A Study of Chemotherapy and Radiation Therapy Compared to Chemotherapy and Radiation Therapy Plus MEDI4736 (Durvalumab) Immunotherapy for Bladder Cancer Which Has Spread to the Lymph Nodes (The INSPIRE Study)

Status:
Recruiting
Trial end date:
2024-12-31
Target enrollment:
0
Participant gender:
All
Summary
This phase II trial studies the benefit of adding an immunotherapy drug called MEDI4736 (durvalumab) to standard chemotherapy and radiation therapy in treating bladder cancer which has spread to the lymph nodes. Drugs used in standard chemotherapy work in different ways to stop the growth of tumor cells, either by killing the cells, by stopping them from dividing, or by stopping them from spreading. Radiation therapy uses high-energy x-rays to kill tumor cells and shrink tumors. Immunotherapy with durvalumab may help the body's immune system attack the cancer and may interfere with the ability of tumor cells to grow and spread. Giving chemotherapy and radiation therapy with the addition of durvalumab may work better in helping tumors respond to treatment compared to chemotherapy and radiation therapy alone. Patients with limited regional lymph node involvement may benefit from attempt at bladder preservation, and use of immunotherapy and systemic chemotherapy.
Phase:
Phase 2
Accepts Healthy Volunteers?
No
Details
Lead Sponsor:
National Cancer Institute (NCI)
Treatments:
Antibodies, Monoclonal
Carboplatin
Cisplatin
Doxorubicin
Durvalumab
Fluorouracil
Gemcitabine
Immunoglobulin G
Immunoglobulins
Liposomal doxorubicin
Methotrexate
Mitomycin
Mitomycins
Vinblastine
Criteria
Inclusion Criteria:

- Step 1 (Registration) Inclusion

- Patient must have an Eastern Cooperative Oncology Group (ECOG) performance status of
0-2 at the time of registration

- Patient must have histologically proven pure or mixed urothelial cancer of the bladder

- NOTE: Small cell carcinoma is excluded, however other variant histologies are
permitted provided a component of urothelial carcinoma is present

- Prior to receiving any induction chemotherapy, patient must have documented
node-positive and non-metastatic disease (any T, any N, M0)

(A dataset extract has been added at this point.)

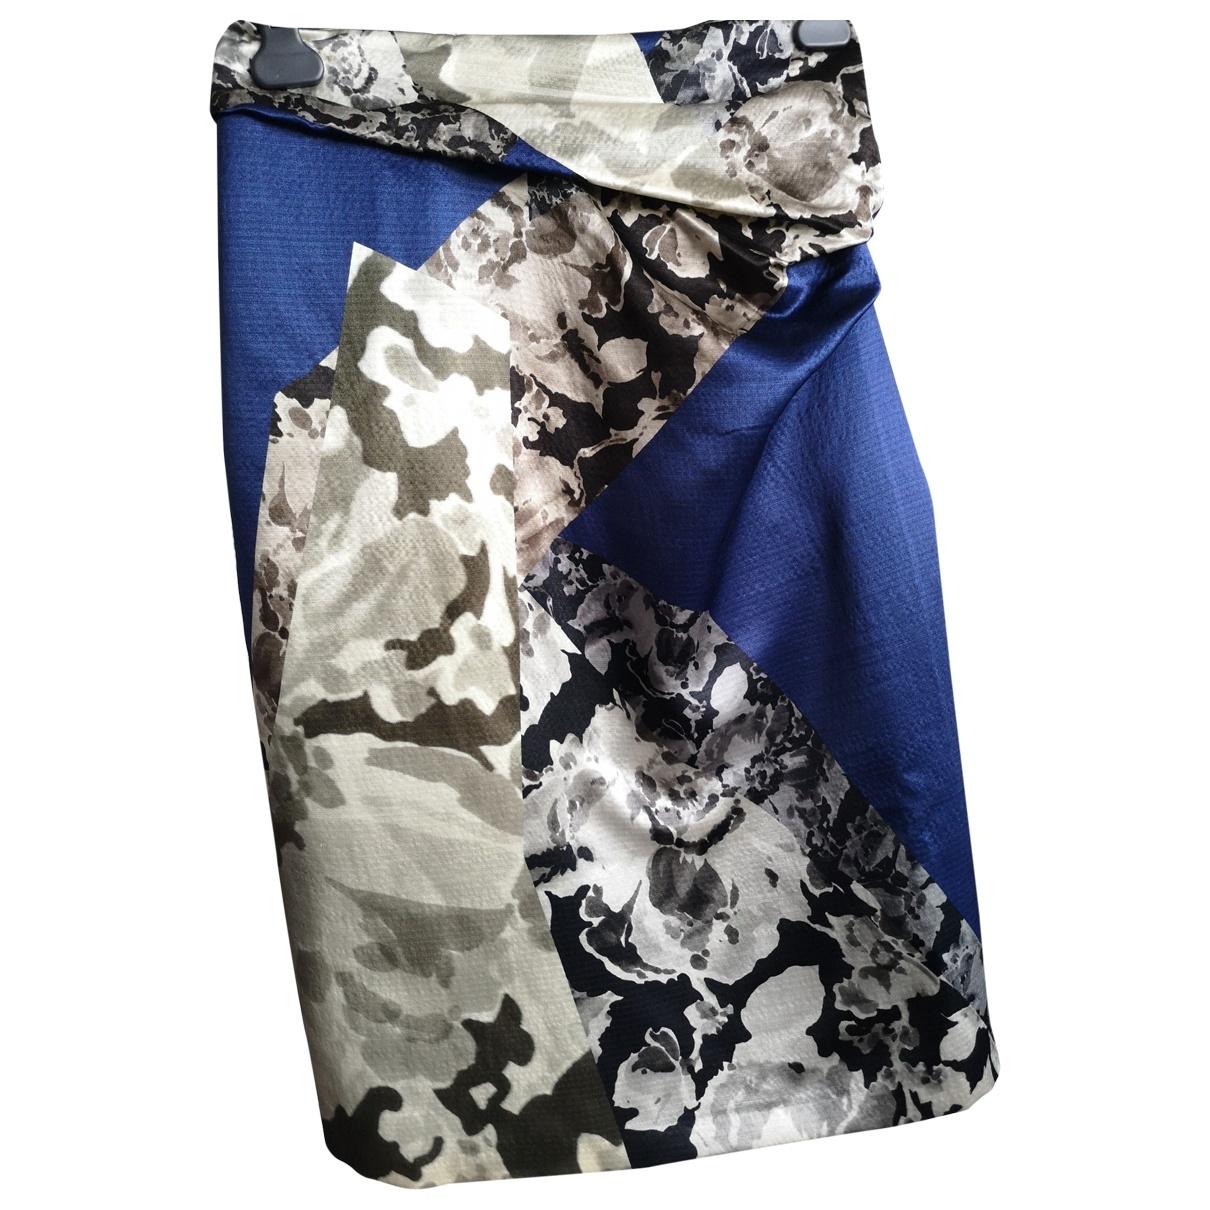 Dries Van Noten \N Wool skirt for Women 36 FR

- NOTE: Node positivity will be defined by the official interpretation of imaging
studies by a radiologist. A positive lymph node is defined as lymph node (LN) >=
1.0 cm in short axis. LN Biopsy is not mandatory but encouraged if feasible and
safe per physician discretion. Patients with a negative biopsy of nodes
determined to be suspicious on imaging are not eligible. Please note that for
non-muscle invasive disease on transurethral resection of a bladder tumor
(TURBT), node-positive disease MUST be biopsy proven for patient to be eligible

- Induction Chemotherapy Requirements

- For patients registered to this protocol post-completion of induction systemic
chemotherapy:

- Patient must have received at least 3 cycles of induction chemotherapy
(cisplatin-based chemotherapy OR non-cisplatin based chemotherapy) with no
evidence of progressive disease (PD) on post-chemotherapy imaging. The end
of last cycle of induction chemotherapy must be within 12 weeks of
registration

- Patient who have received more than 3 cycles of induction systemic
chemotherapy are also eligible

- Patient must have had a CR, PR or SD to induction chemotherapy on standard
imaging

- NOTE: Patients who have only received 2 cycles of induction
chemotherapy and demonstrated clinical response (complete response [CR]
OR partial response [PR], OR stable disease [SD]) may be considered for
enrollment only after consultation and approval by the study chair
under exceptional circumstances where 3rd cycle cannot be delivered.
Documentation of correspondences with the study chair must be kept on
file. We encourage all patients to get 3 cycles of induction
chemotherapy

- For patients registered to this protocol prior to starting induction systemic
chemotherapy:

- Patient must agree to a planned treatment with 3 cycles of induction
chemotherapy (physician's choice)

- Patient will again be restaged after completion of induction chemotherapy
and prior to randomization to chemoRT +/- durvalumab

- Patient must have a CR, PR or SD to induction chemotherapy on standard
imaging prior to randomization to chemoradiotherapy

- Patient must not have presence of concomitant active upper tract tumors or urethra
tumors. History of previously adequately treated non-muscle invasive bladder cancer
(NMIBC) are eligible; previously treated urothelial cancer or histological variant at
any site outside of the urinary bladder are allowed, provided they have been
Ta/T1/carcinoma in situ (CIS) and post treatment follow up imaging and endoscopic
evaluation shows no evidence of disease

- Patients with previous exposure to immune checkpoint inhibitor for non-muscle invasive
disease are eligible. If given for NMIBC, the last dose must have been completed > 12
months prior to registration

- For patients registered on the study

- Patient must not be pregnant or breast-feeding due to the potential harm to an
unborn fetus and possible risk for adverse events in nursing infants with the
treatment regimens being used

- All patients of childbearing potential must have a blood test or urine study
within 14 days prior to registration to rule out pregnancy

- A patient of childbearing potential is defined as any patient, regardless of
sexual orientation or whether they have undergone tubal ligation, who meets the
following criteria: 1) has achieved menarche at some point, 2) has not undergone
a hysterectomy or bilateral oophorectomy; or 3) has not been naturally
postmenopausal (amenorrhea following cancer therapy does not rule out
childbearing potential) for at least 24 consecutive months (i.e., has had menses
at any time in the preceding 24 consecutive months)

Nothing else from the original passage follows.